Déficits totais elevados decorrem ou poderão vir a acontecer brevemente em face desses dois tipos de problemas, e acabam acarretando, além do mais, atrasos de pagamentos nos entes públicos, atrasos esses que se amontoam, gerando confusão e prejuízos, desafiando a proibição da LRF de que isso aconteça impunemente. Por ela, déficits poderiam até ocorrer nos primeiros anos de um dado mandato, mas, no seu fechamento, saldos positivos têm de compensar os negativos. Tanto assim que alguns tribunais já avisaram aos atuais dirigentes de estados que, em 2019-22, tais desvios da lei não ficarão impunes.

Tomando por base os dados da Prefeitura do Rio, cujo caso andei estudando há algum tempo, os dados de 2016 mostram que os itens de maior peso no super rígido gasto total são, pela ordem: 1) Outros Custeios Obrigatórios (com 39% do total); 2) Pessoal Ativo (30%); 3) Inativos e Pensionistas (14%); 4) Outros Custeios Discricionários (11%) e 5) Investimentos, o “primo pobre” (6%). Dentro do maior de todos os pedaços, o item 1, destaca-se Urbanismo, que engloba limpeza urbana, manutenção de logradouros e o citado transporte municipal (ao todo com 39,8% desse último subtotal). No mais, há os casos das áreas de saúde (com 31,1%); educação (10,8%); dívida (7,5%); Legislativo (7,3%); precatórios (2%) e outros (1,5%).

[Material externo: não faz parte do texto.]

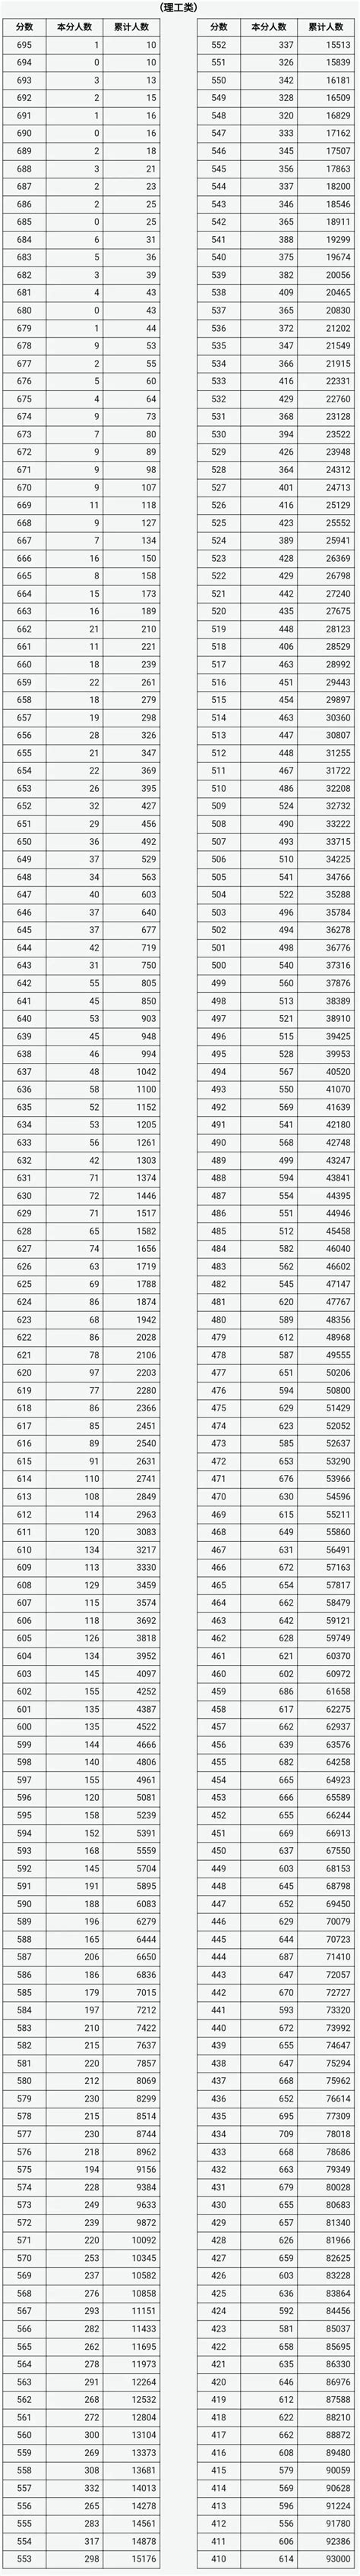 2021年山西省普通高考成绩一分一段统计表 - 晋城市人民政府

Comparando com outros casos que examinei, os pesos que acabo de indicar são bastante parecidos entre entes. Mas isso não vale igualmente para os déficits totais municipais, algo que preocupa bastante no caso do Rio de Janeiro. Nesse caso, ocorreram “déficits orçamentários” expressivos em todos os anos do último mandato (2017-20), totalizando R$ 3,8 bilhões nesses quatro anos, conforme antes indicado.

Pandemia à parte, enquanto não se atacar a raiz do problema — a previdência —, a cada ano que passar, os entes de maior peso se verão diante de uma encruzilhada, pois a adoção da velha fórmula (ou seja, fazer quase nada) vai empurrá-los na direção de zerarem seus investimentos, especialmente em infraestrutura, algo que já vem acontecendo, ou recorrerem a algum tipo de atraso de pagamento.

No mais, grosso modo, cada ente terá de construir um plano de equacionamento de seu passivo atuarial (ou seja, zerar a dívida previdenciária). Na sequência, terá de implementar as mudanças introduzidas pela emenda de 2019 que são obrigatórias, e aprovar em suas câmaras municipais aquelas cuja obrigatoriedade o Congresso Nacional não houve por bem lhes impor. Finalmente, aportar ativos para compor um fundo de previdência capaz de, em adição a todas as mudanças legislativas, cobrir o seu passivo atuarial.